Best Eats
Around the Kitchen Table with Matt Moran
26/10/2023
One of the defining voices in the Australian culinary scene, Matt Moran shares his thoughts on the changing nature of paddock-to-plate cooking and why he won’t be opening a restaurant chain any time soon.
Having begun cooking almost 40 years ago, Moran’s career is a lesson in culinary diversity. With a dozen restaurants in his portfolio, his menus span the spectrum from fine dining at Aria on Sydney Harbour to casual pub classics at The Rockley Pub, located just outside of Bathurst in country NSW.
What connects them, he says, is his love of iconic locations, from Barangaroo to Bondi. How does Rockley fit in? “It’s the most iconic of all because I've got so much history there,” Moran says with a laugh. “My great grandfather was married in Rockley in 1883 and my farm [the Moran Family Farm] is only five minutes down the road.”
The celebrated restaurateur spoke to Best Restaurants about his restaurant empire and why he’ll always be a chef at heart...
You’ve always been an advocate of a paddock-to-plate philosophy. How did this originally come about?
Coming from a farmer background, I know how hard it is to do farming and I've seen the ups and downs of it in my lifetime where families have struggled and all the hard work they do. So to me, the farmer is very important. But not only that, if it wasn't for the farmers, I wouldn’t be the restaurateur/chef that I am, because without incredible produce we wouldn't be who we are.
How do you tailor this approach to your different restaurants?
Chiswick [Woollahra] is a great example of paddock to plate – it's really all about what's in season and shared, fairly simple food prepared with good technique but letting the produce speak for itself. We've also got the veggie garden at Chiswick and we highlight what's in season. At Aria, it’s the best of the best. Only the best produce in Australia would go somewhere like Aria and we work quite closely with suppliers to only buy the best. And then at North Bondi Fish, we're talking to the fishermen, we're talking to our suppliers all the time about what's good in seafood.

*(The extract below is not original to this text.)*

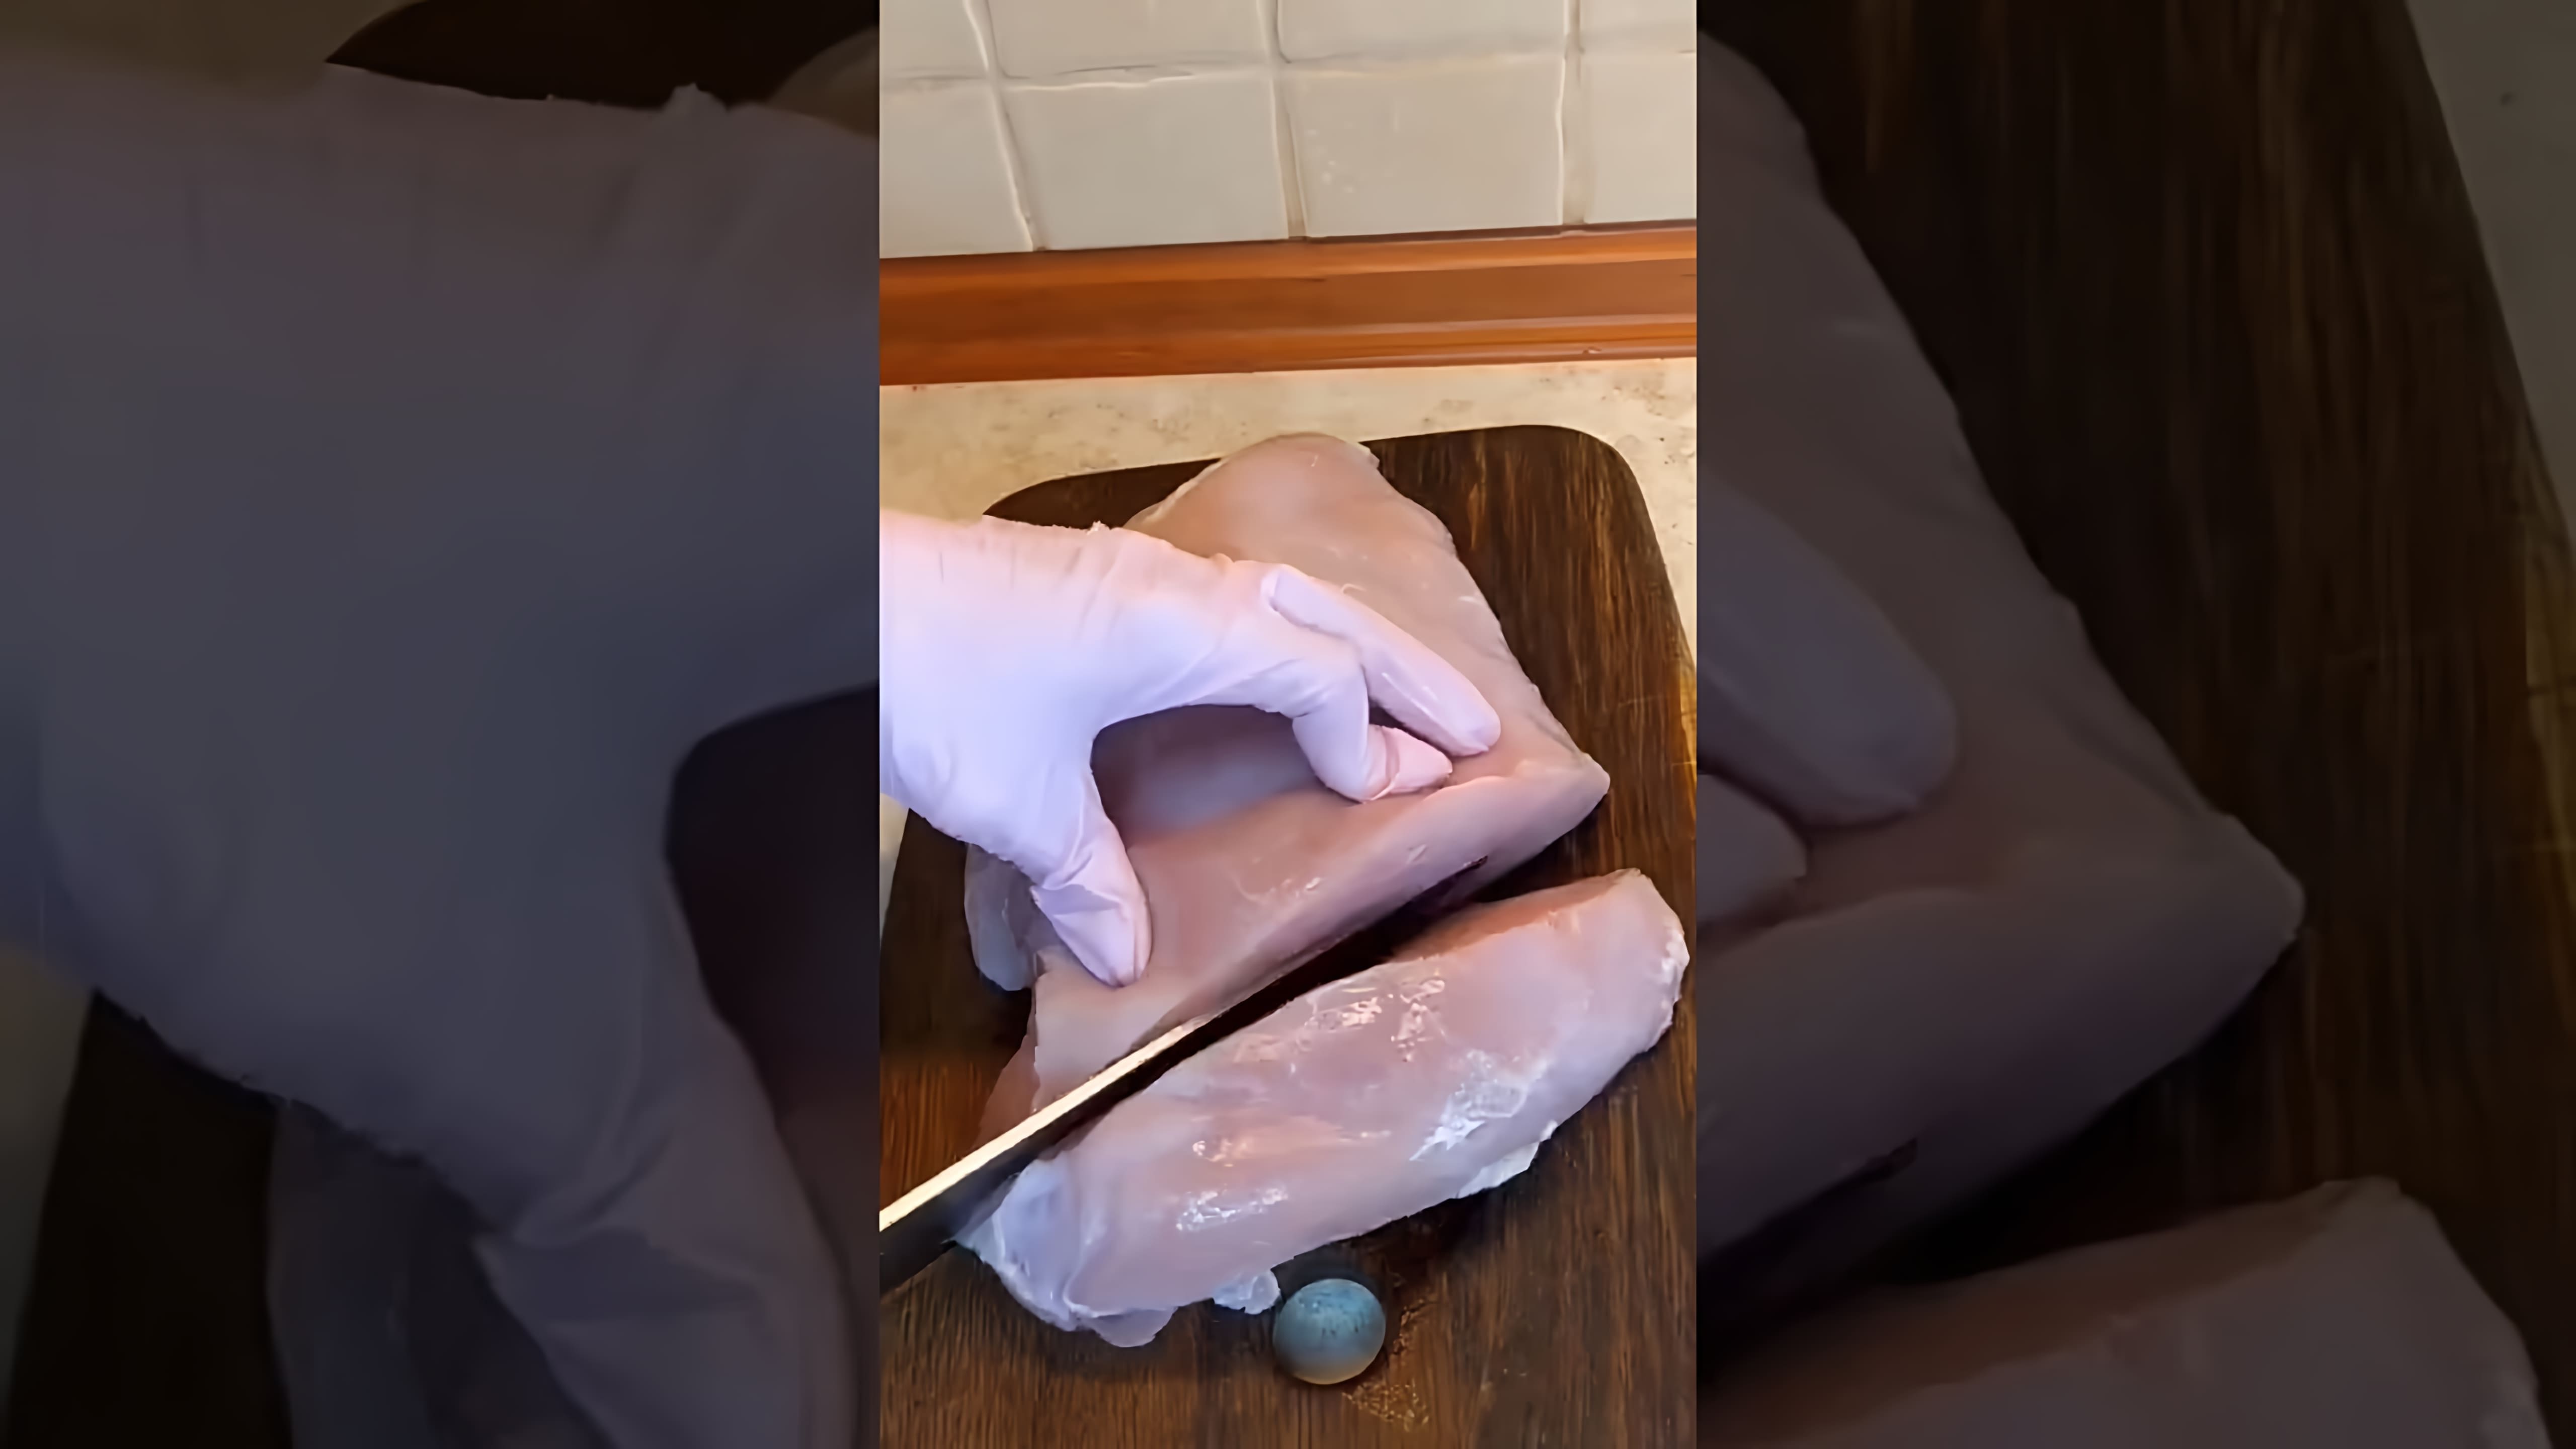 В этом видео демонстрируется рецепт приготовления шашлыка из филе индейки на мангале

It keeps me on toes being a little bit more diverse. I'd rather have the 10 or 12 restaurants that I have but that are all being a little bit different rather than having a chain of one that was the same.
One of the restaurants you haven’t mentioned yet is Chophouse. What’s special about this one?
Chophouse has had the best couple of years it's ever had. It's one of my favorite businesses and I go there quite a bit. Scotty [Chophouse head chef Scott Kim] has been there for 15 years and is one of the best meat cooks in the country. You ask him to cook a piece of steak and it's always absolutely perfect. It's a great business. In fact, I'd love to open up another Chophouse somewhere else.
How have you seen the paddock-to-plate ethos change over the course of your career?
If you go back 20 or 30 years, the menu would say roast beef fillet with mashed potato on it. Now it’s David Blackmore’s marble score 5 beef fillet. It’s putting the brand foremost on menus. People identify with brands and the name, but they also want to know where their food comes from. They want to know whether it comes from a reputable farmer and whether it's sustainable with good farming practices.
How do you see your role in the business now?
In my Instagram it says “chef, restaurateur, farmer”. Ultimately I'm a chef and I'll always be a chef. Last night I boiled a chicken and made a shallot, ginger and garlic sauce, and went down to [Paddy’s Markets] Chinatown and bought a heap of vegetables and sautéed them with a bit of oyster sauce, chilli, garlic and ginger. I've been cooking now for nearly 40 years, can you believe it? Yeah, I started when I was two.
But I'm not on the stove every night and I won't be because I empower great chefs to do that. I give them a sense of ownership and I sit behind them, mentoring them and giving them the narrative and pushing them in the right direction. I'm an owner and a restaurateur, but I'm also a chef behind that. I can relate a lot more to my head chefs having worked in the business – I know exactly what it's like.